Often he instructed his king, Croesus of Lydia, on matters of statecraft, by means of his stories.

The citizens of Himera were warned against the dangers of the tyrant Phalaris, by an official recital of “The Horse and the Stag.” The Samians, when they were about to put to death an embezzler of public funds, were reminded of Aesop’s “The Fox and the Hedgehog,” and showed mercy instead.

When the Athenians were ready to betray Demosthenes, he warned them with Aesop’s “The Wolves and the Sheep” that in turning against public orators they were surrendering to the watch-dogs of the State.

Many years later, the Roman Menenius Agrippa quelled an insurrection by reciting Aesop’s “The Belly and the Members.”

No educated man of ancient Greece would be without his store of Aesop’s Fables to recite to friends and enemies alike at an appropriate moment when the moral of the story applied to them.

But Aesop was self-educated. He was born a slave in about 620 B.C. Possibly he was the child of Indian parents, who had somehow been captured and made slaves. His stories have an eastern ring about them, alluding to Asiatic customs and introducing panthers, peacocks and monkeys.

So, although scholars dismiss suggestions that he was deformed and of extremely ugly appearance, the notion of Aesop being dark-skinned is certainly supported by evidence in his tales, as well as in some commentaries written after his death.
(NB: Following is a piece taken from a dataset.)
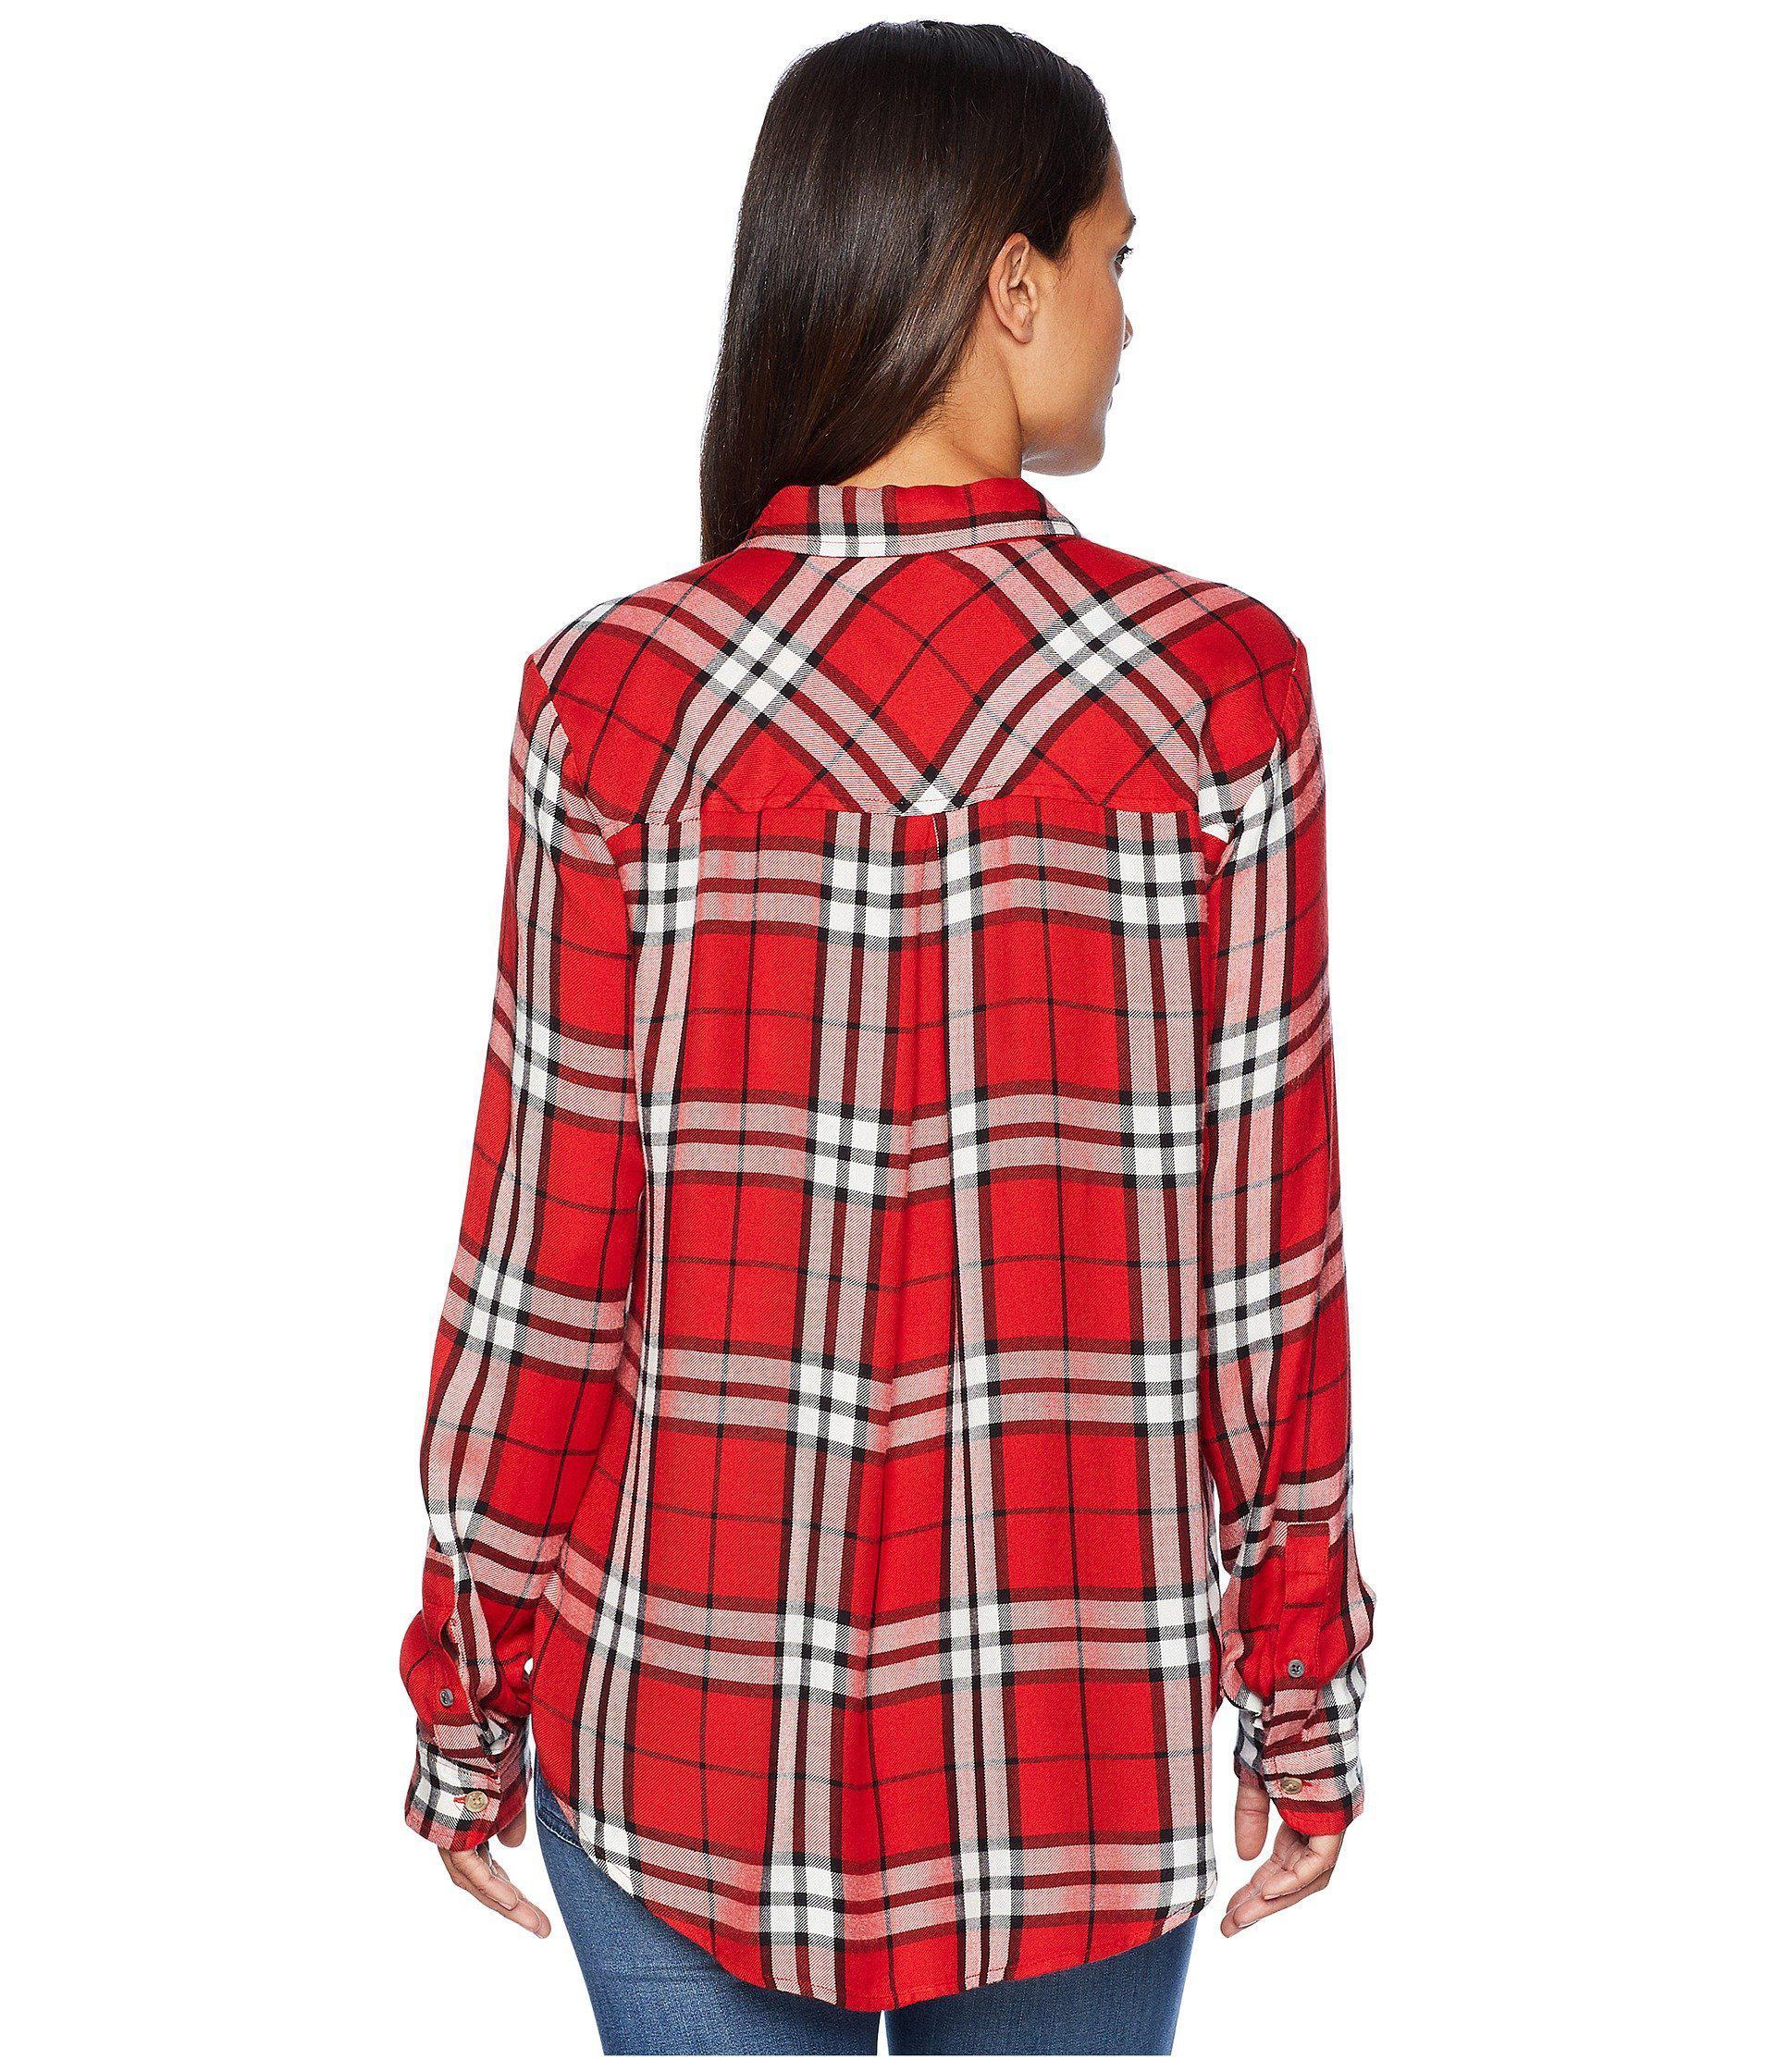 Lucky Brand Womens Boyfriend Plaid Shirt in Red Multi

Aesop’s master was Iadmon, who, recognizing his slave’s genius, freed him and sent him to the king. At court he was first looked upon as a sort of jester. But those who came to laugh at him, stayed to ponder his words.

It is unlikely that Aesop ever wrote down his fables. He hardly needed to. Everyone knew them by heart – and that is how they were handed down at first.

Some scholars doubt that we have anything left of the original Fables. But others point to the reliability of oral tradition to preserve the main points of a story however much it may be adapted or added to through the years.

Thomas James, who pieced together a fine collection of the Fables in 1874, wrote: “We have, in the main, both the spirit and body of Aesop’s Fables, if not as they proceeded from the Sage’s own lips, at least as they were known in the best times of Greek literature.”

Aesop was probably the first to invent stories of wit and wisdom with morals of political significance that ordinary people could appreciate and understand.

And yet his art failed him in the end, before the howling mob at Delphi, who suspected him of embezzlement.

But vengeance, as he predicted in his story, came to Delphi. It was not a beetle, but something far tinier that entered their “nests.” It was a germ – a plague germ that killed young and old alike, and from which even the most powerful of the gods – even Jupiter – could not protect them.